[[ Data block open ]]
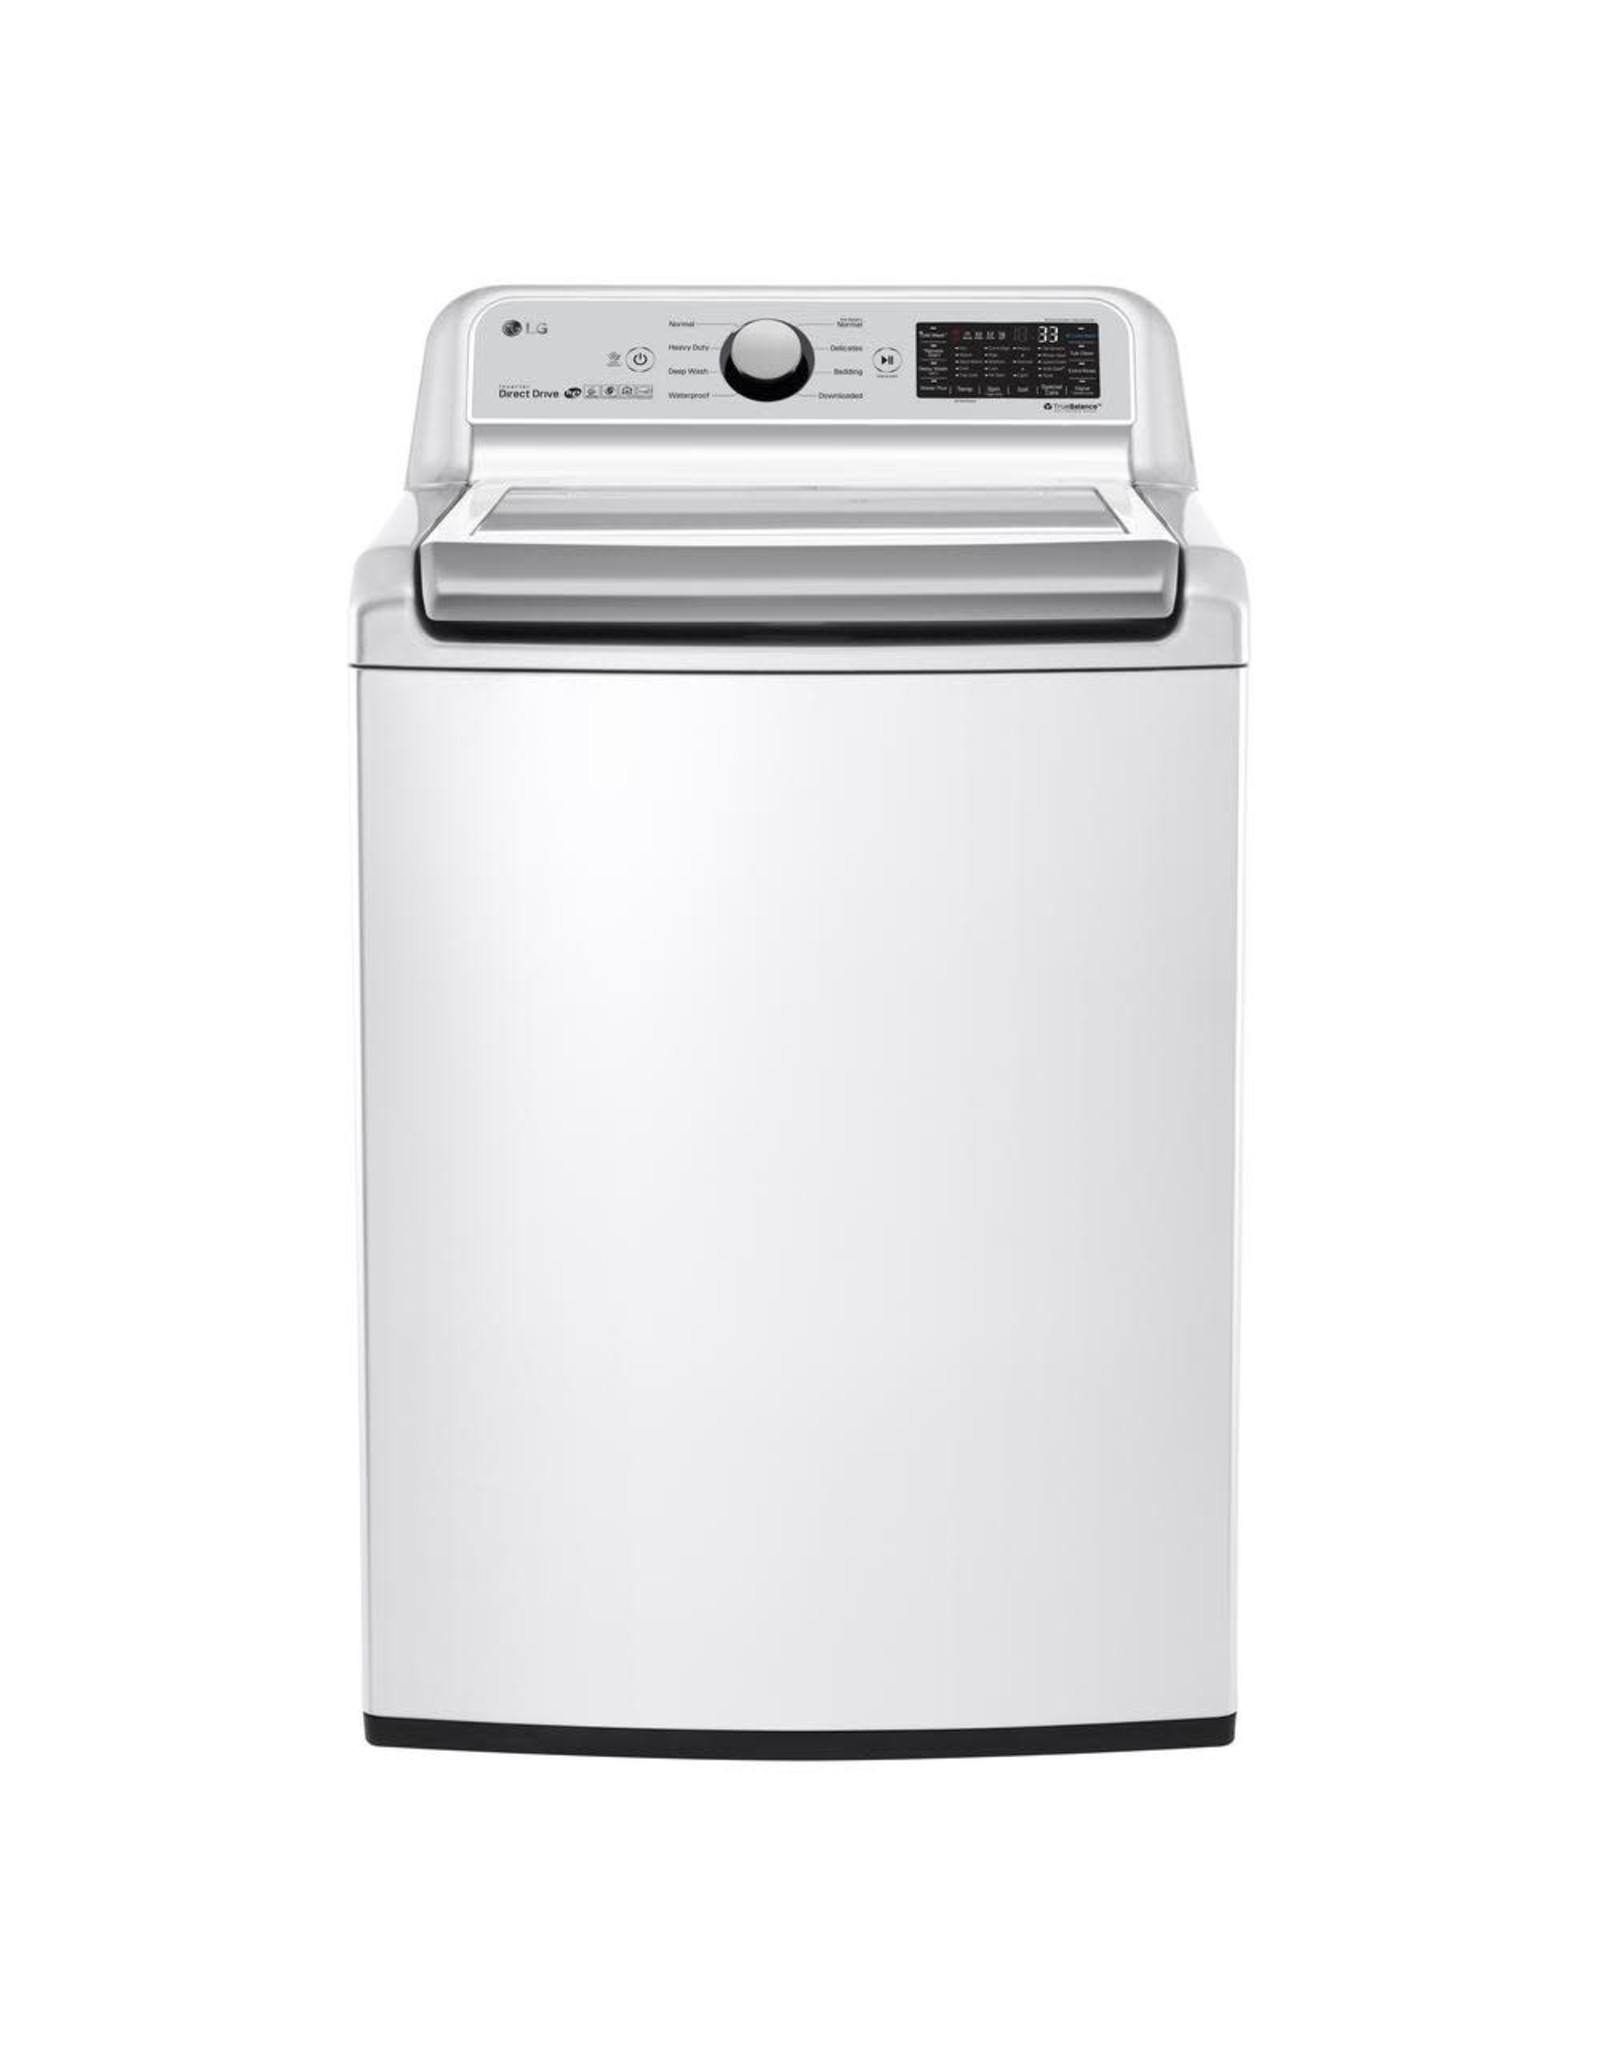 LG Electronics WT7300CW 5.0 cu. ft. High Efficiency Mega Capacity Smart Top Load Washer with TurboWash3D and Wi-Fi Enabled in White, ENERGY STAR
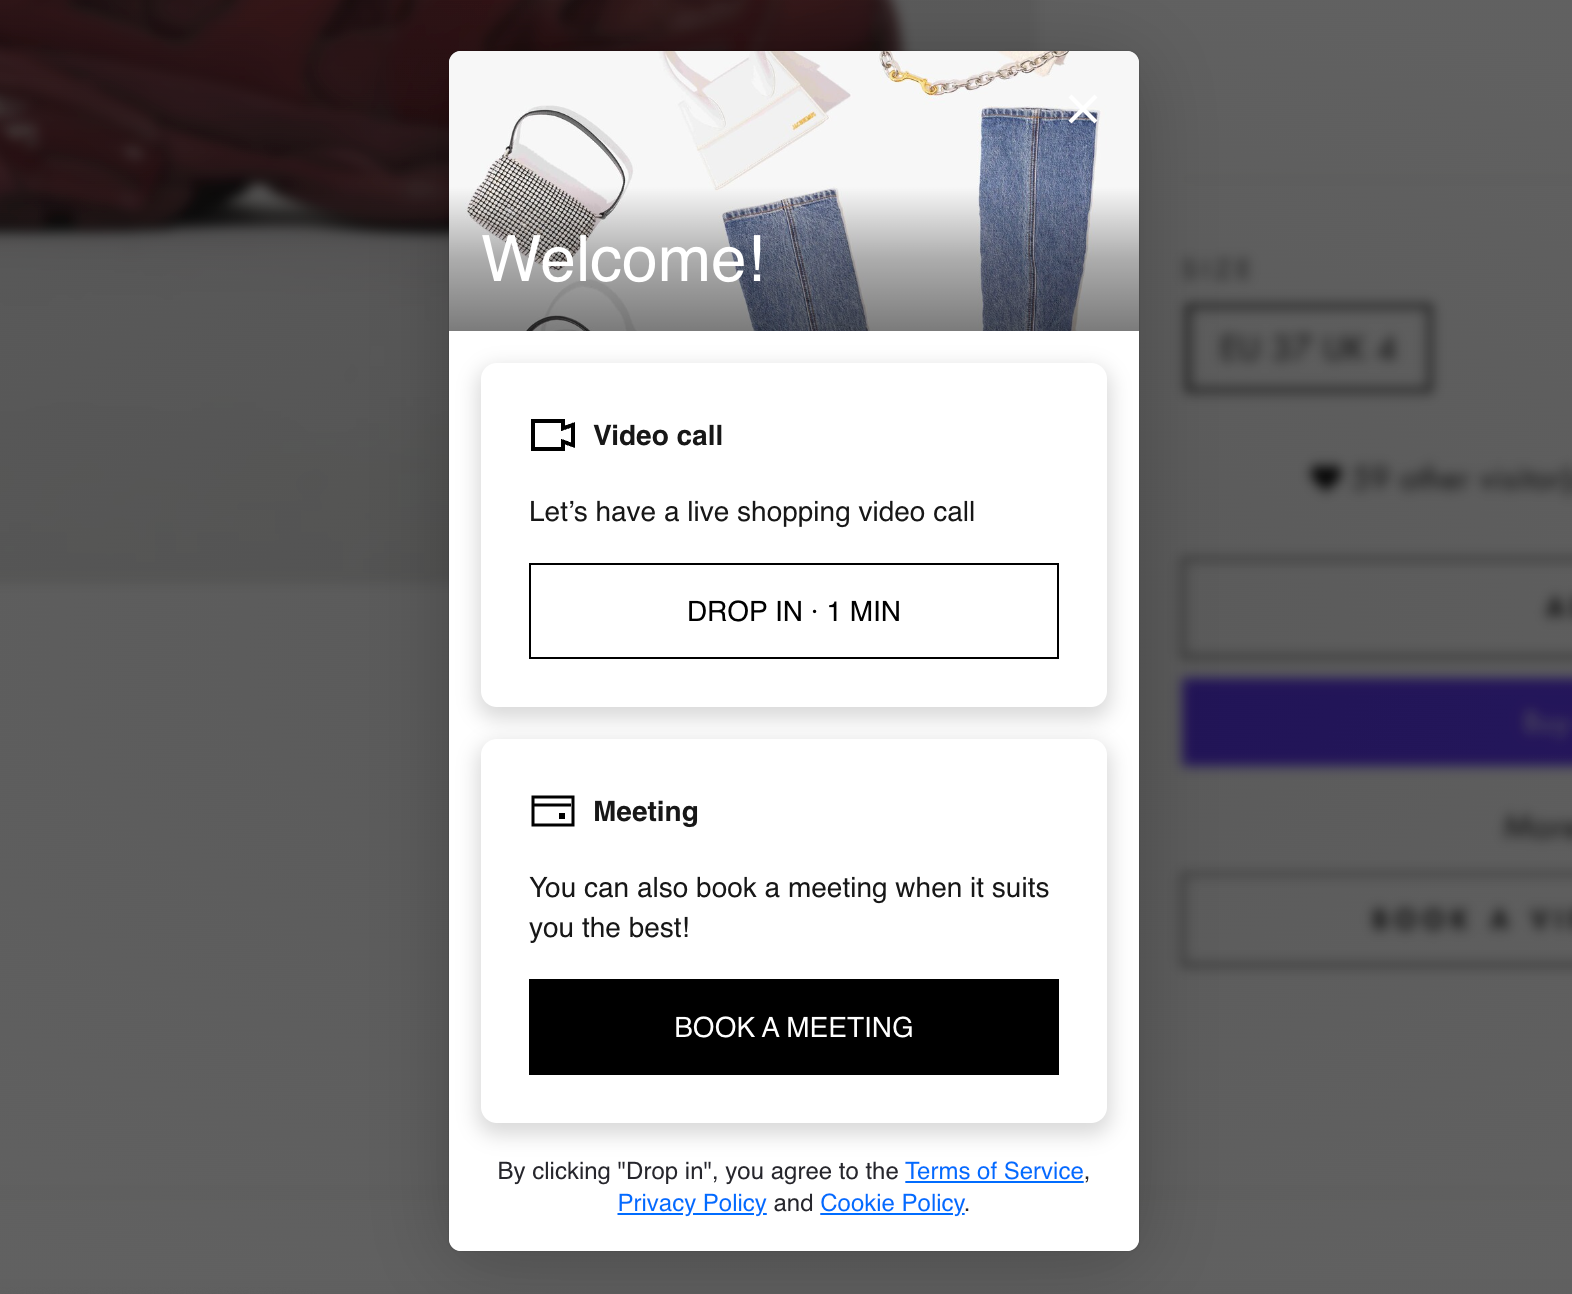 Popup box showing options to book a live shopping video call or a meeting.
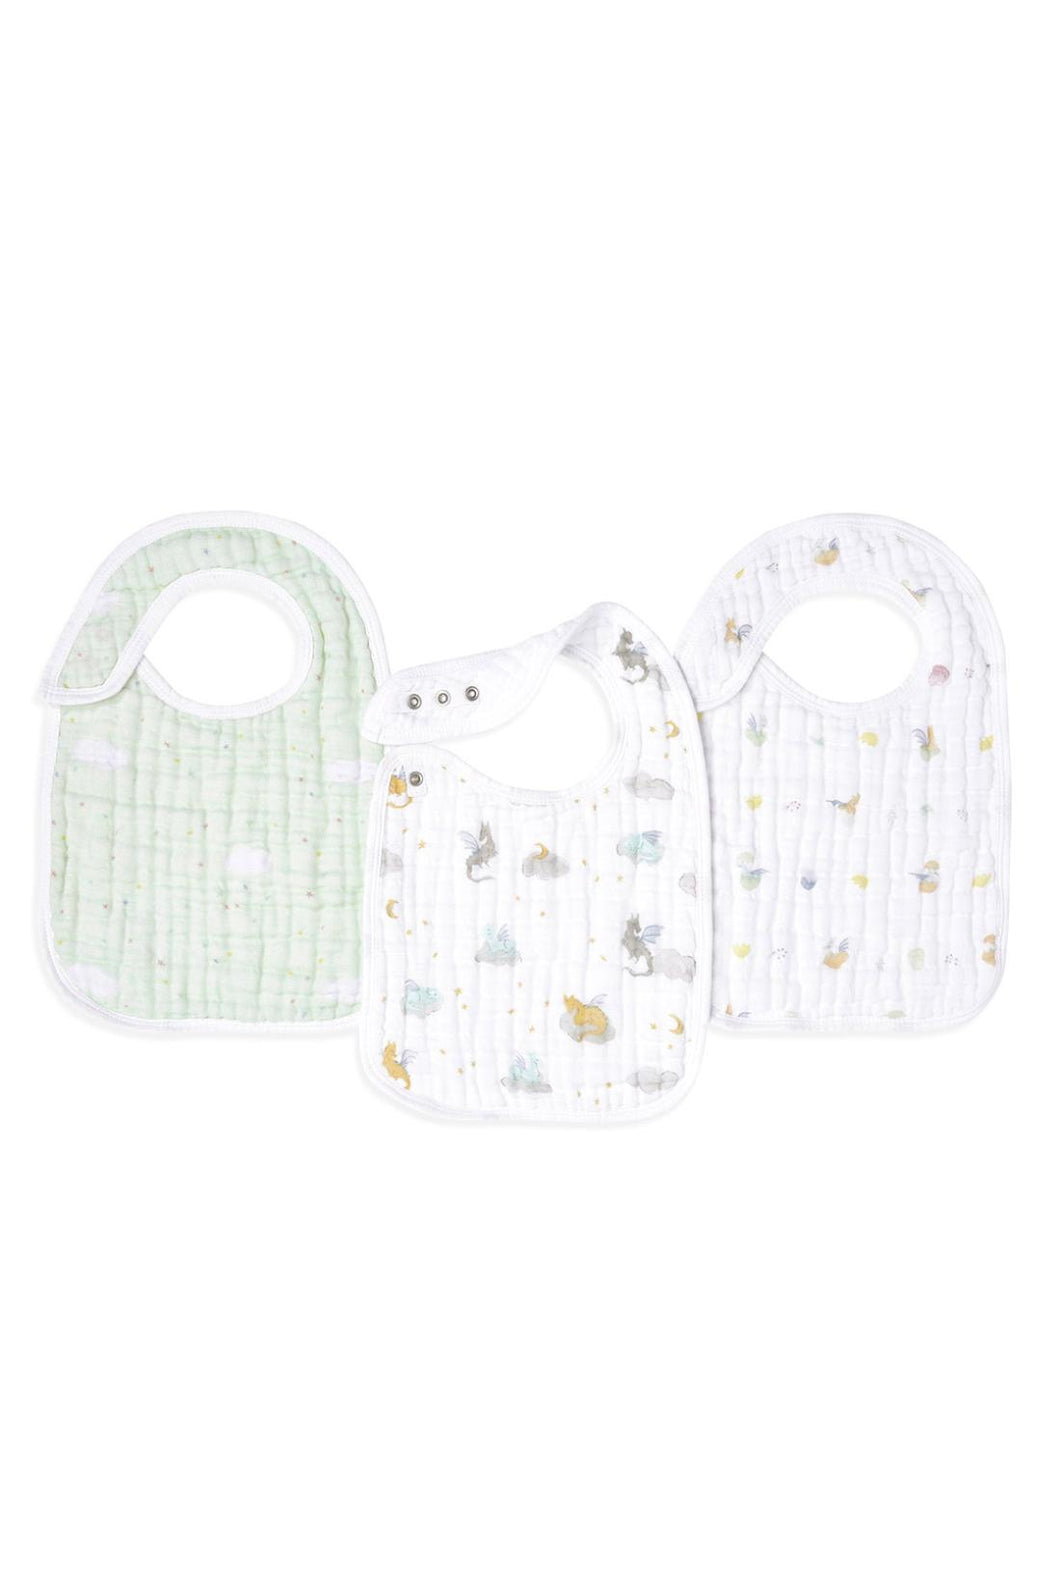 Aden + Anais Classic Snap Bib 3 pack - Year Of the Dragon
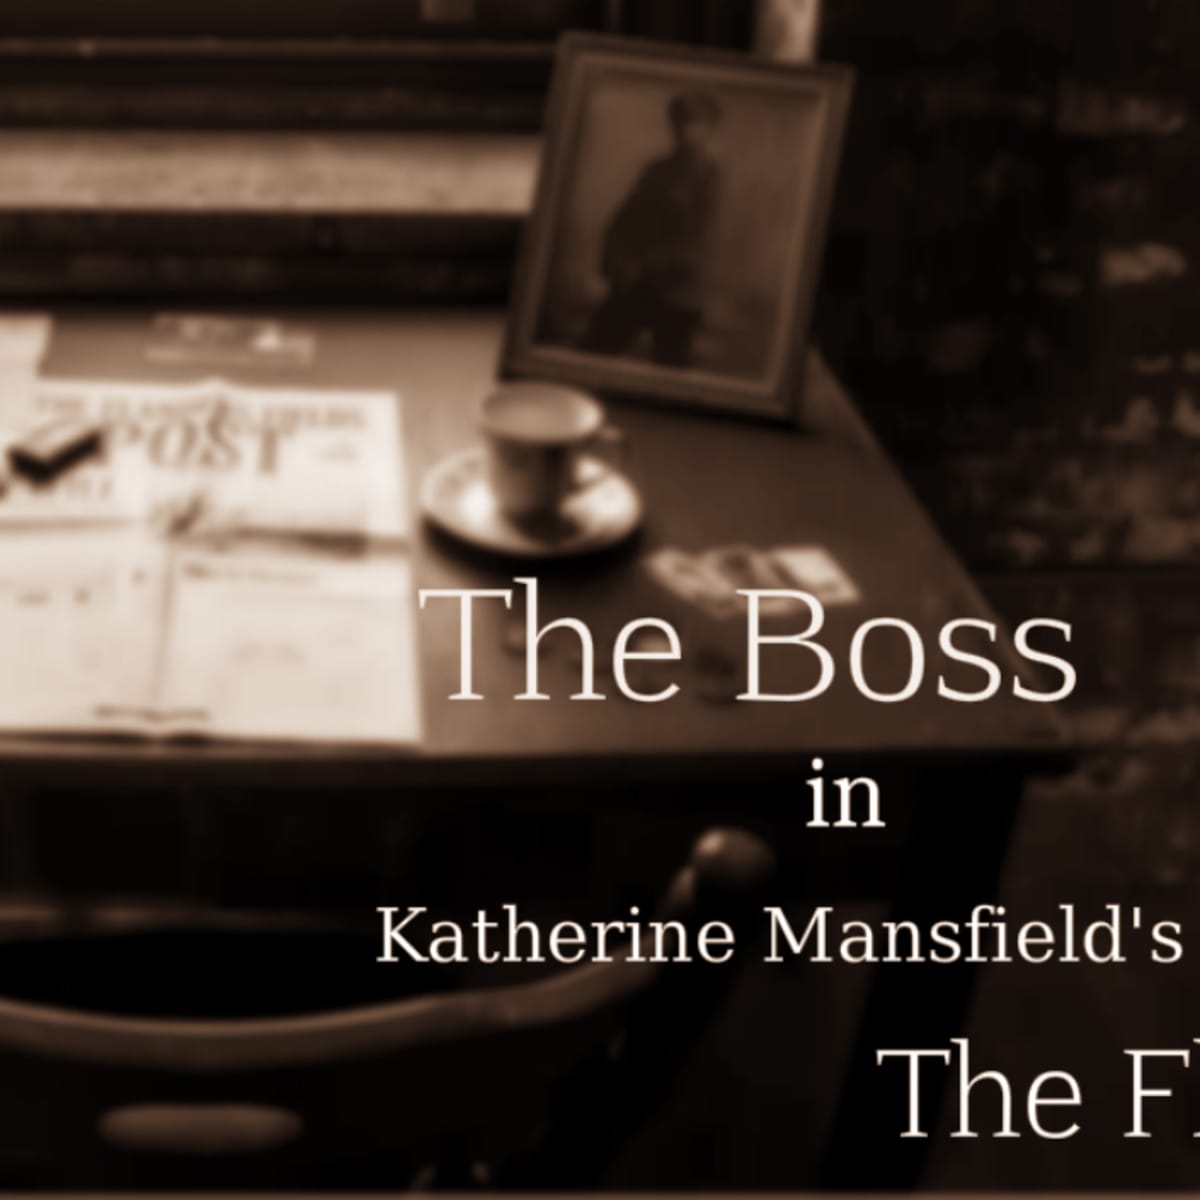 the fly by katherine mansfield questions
[[ Data block closed ]]
Problem details: Pictures stay out; all other material above is restated word for word.

Written answer:
 LG Electronics WT7300CW 5.0 cu. ft. High Efficiency Mega Capacity Smart Top Load Washer with TurboWash3D and Wi-Fi Enabled in White, ENERGY STAR
 Popup box showing options to book a live shopping video call or a meeting.
 Aden + Anais Classic Snap Bib 3 pack - Year Of the Dragon
 the fly by katherine mansfield questions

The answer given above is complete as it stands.